With images removed, return the whole listing exactly as written.

DATA BELOW:
╔══

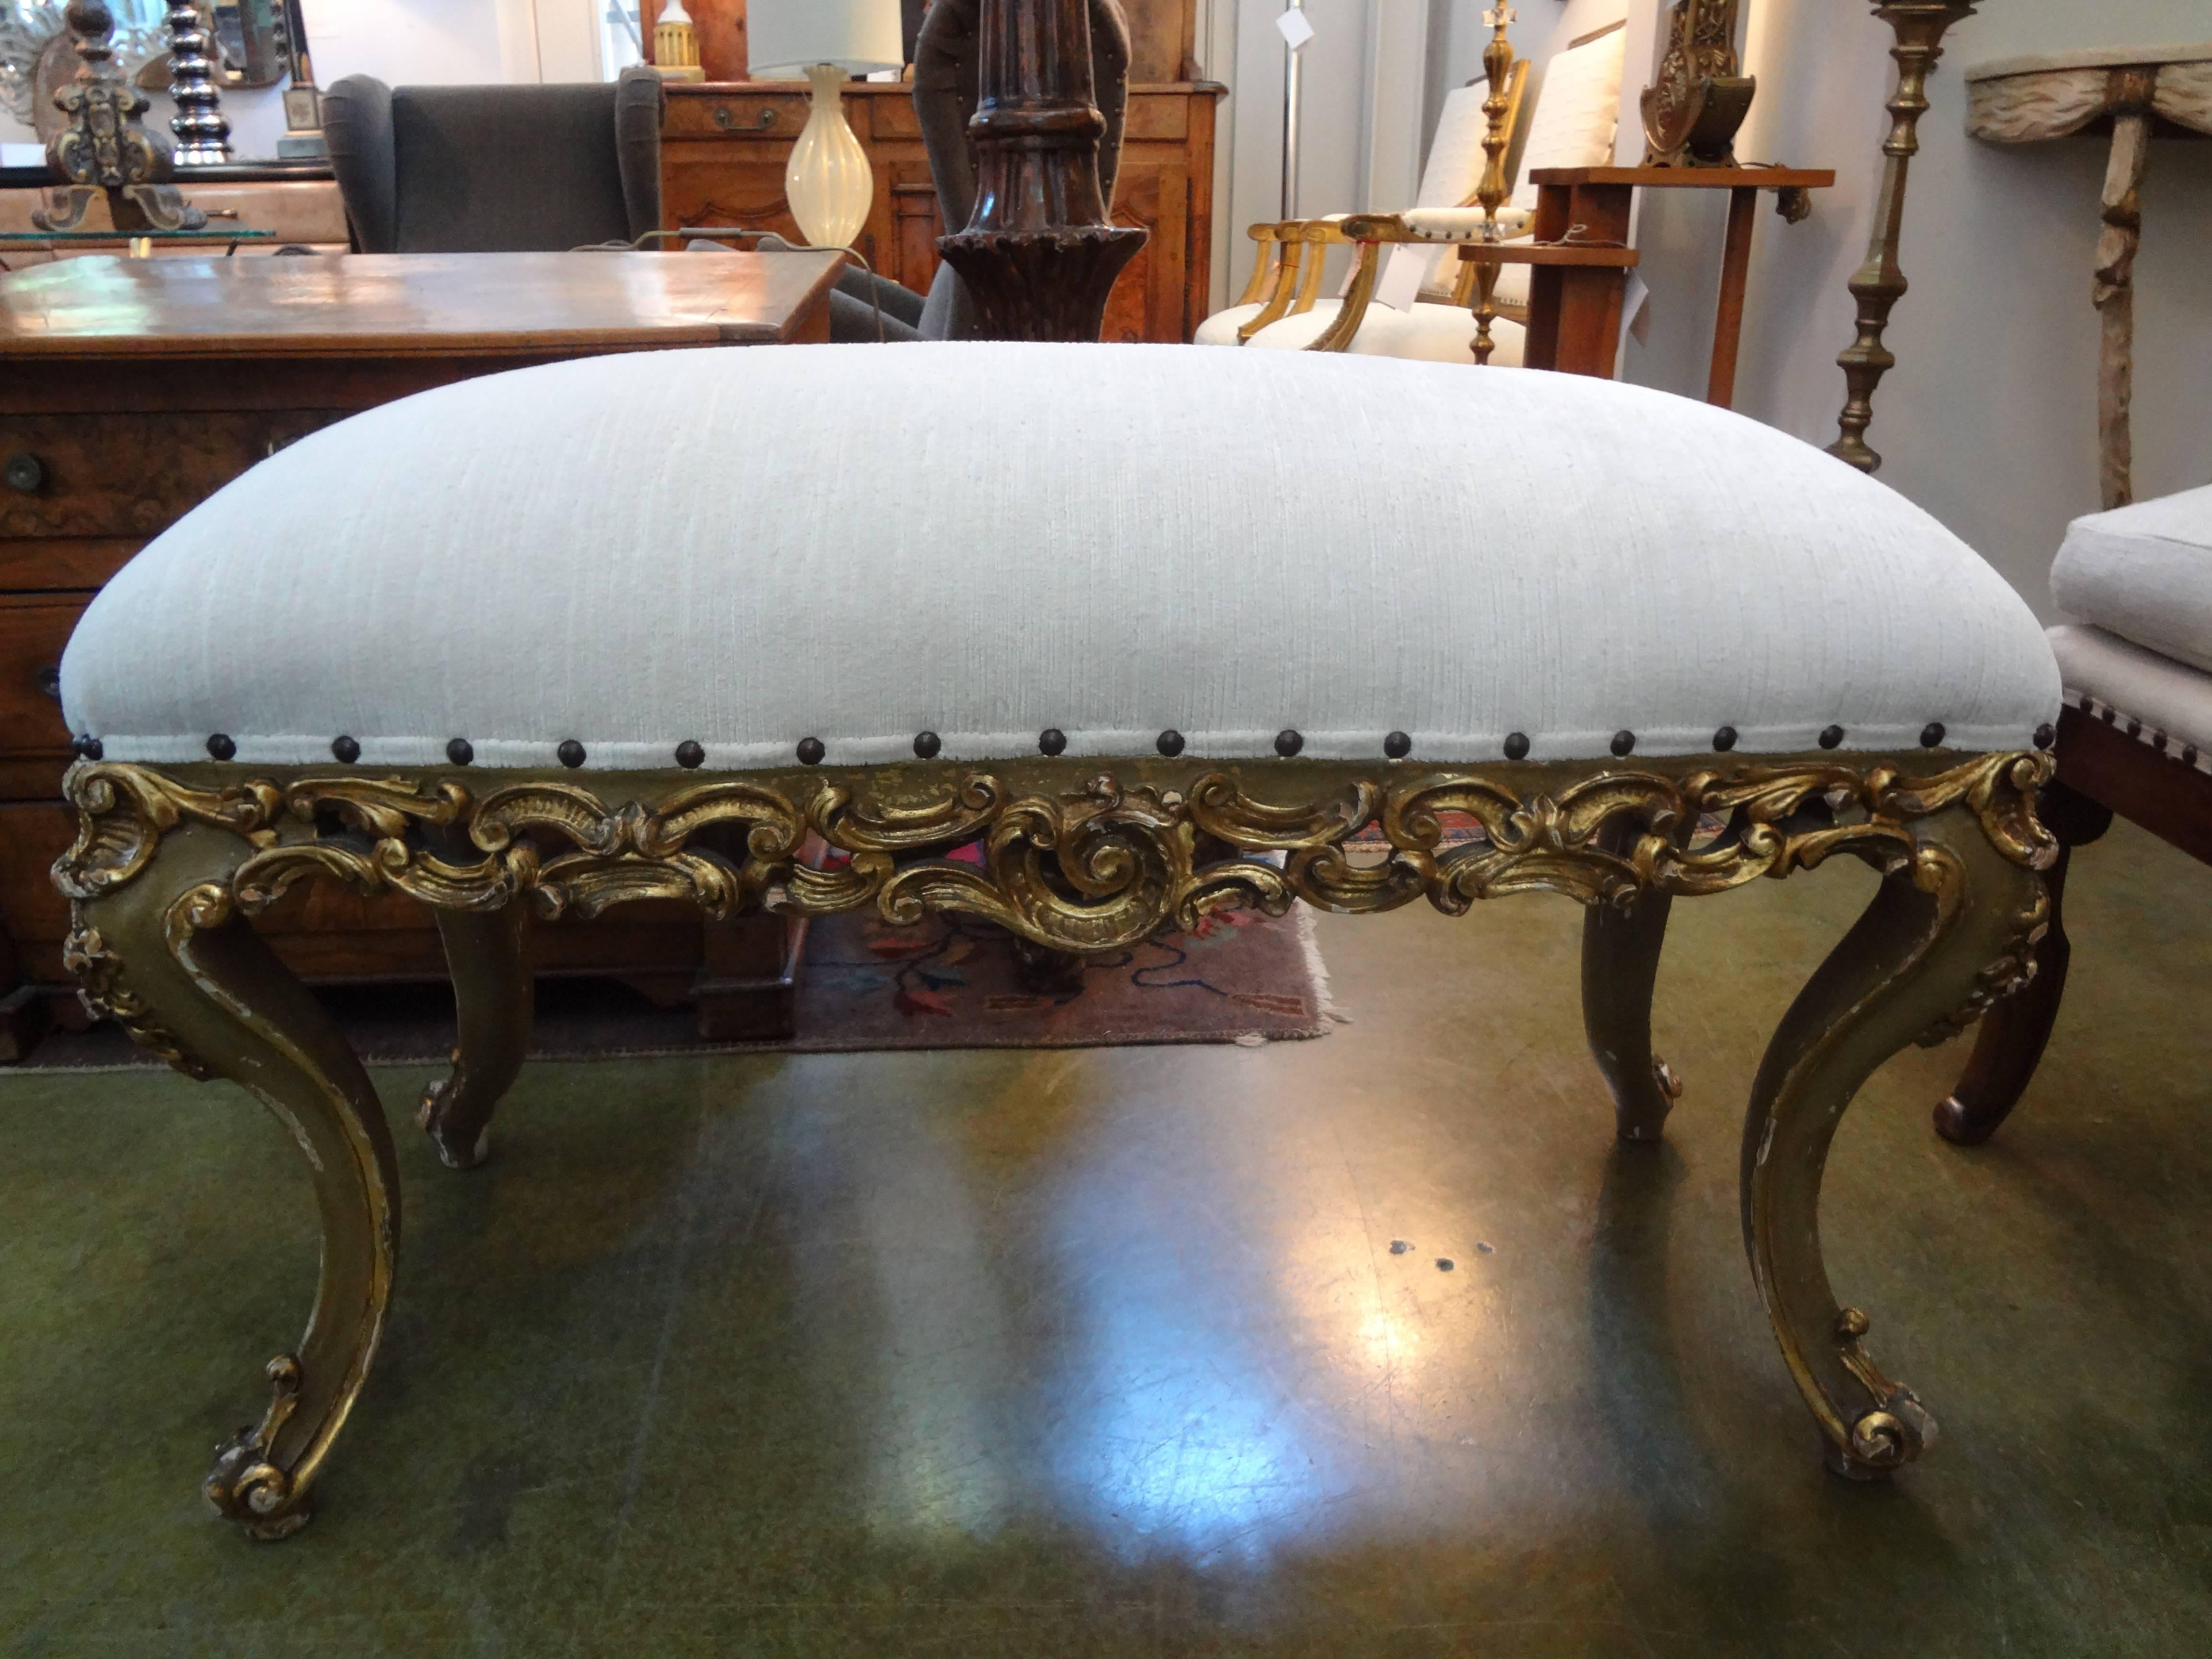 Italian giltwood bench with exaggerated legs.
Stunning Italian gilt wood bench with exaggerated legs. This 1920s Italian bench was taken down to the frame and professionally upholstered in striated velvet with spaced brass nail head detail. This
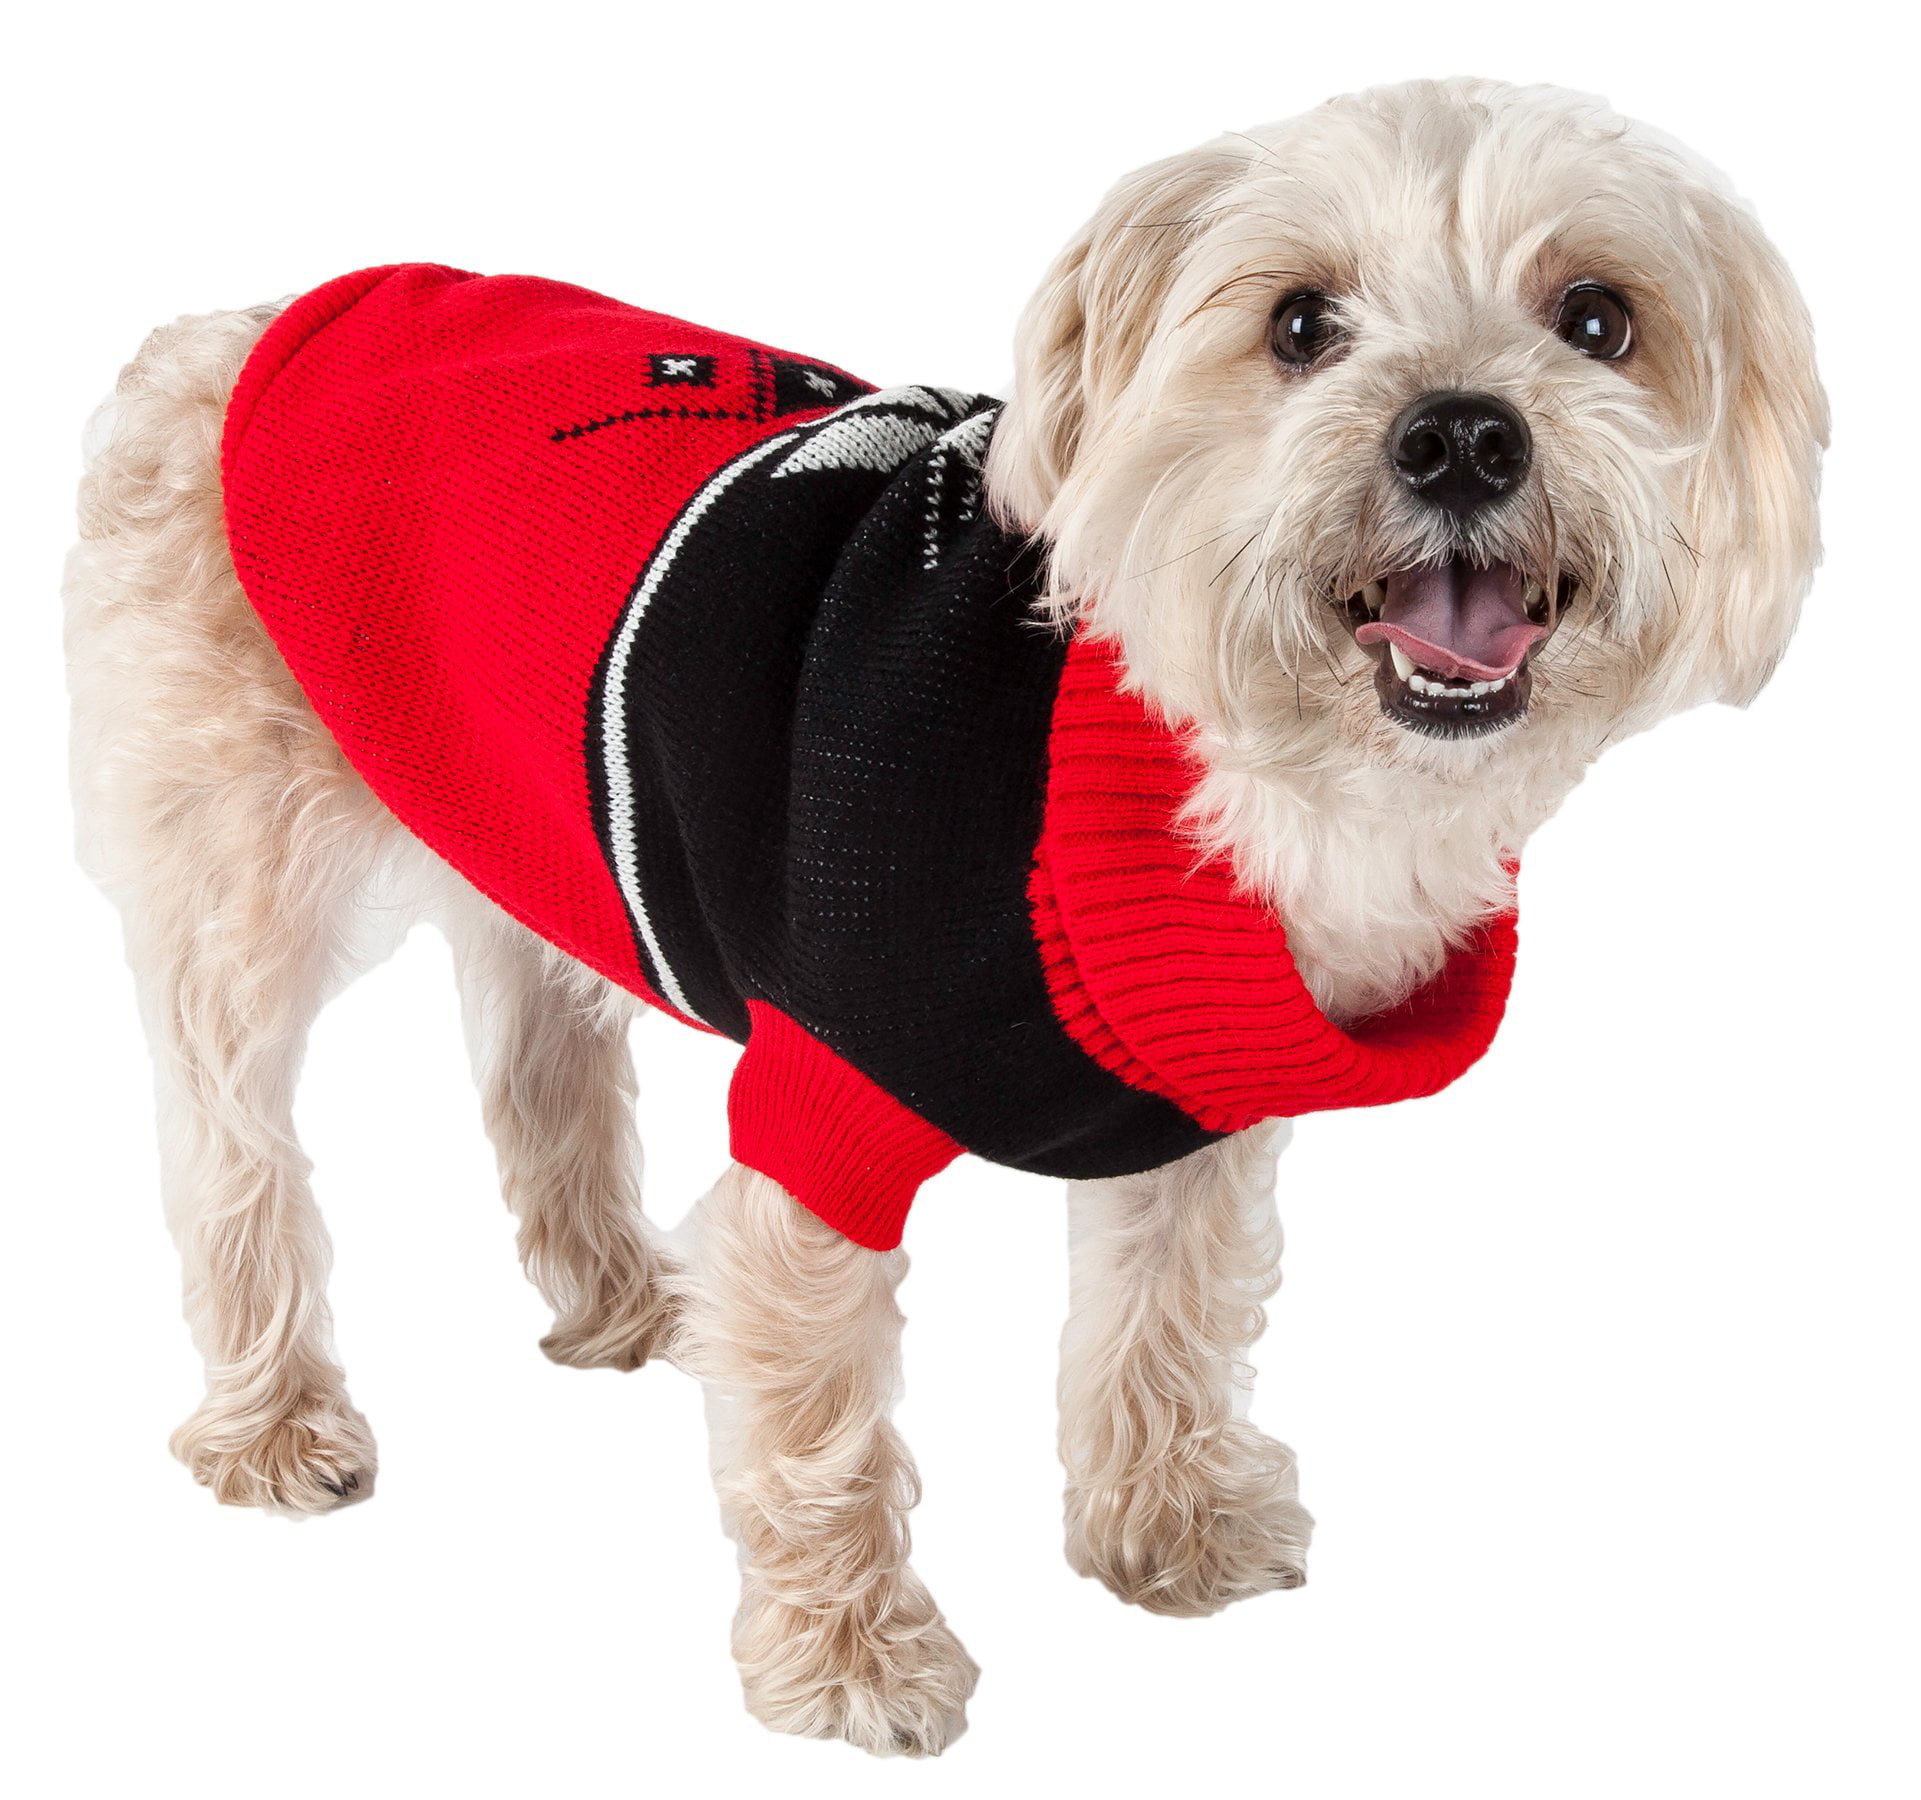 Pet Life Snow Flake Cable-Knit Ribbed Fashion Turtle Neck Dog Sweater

╚══

FINAL ANSWER:
 Italian giltwood bench with exaggerated legs.
Stunning Italian gilt wood bench with exaggerated legs. This 1920s Italian bench was taken down to the frame and professionally upholstered in striated velvet with spaced brass nail head detail. This
 Pet Life Snow Flake Cable-Knit Ribbed Fashion Turtle Neck Dog Sweater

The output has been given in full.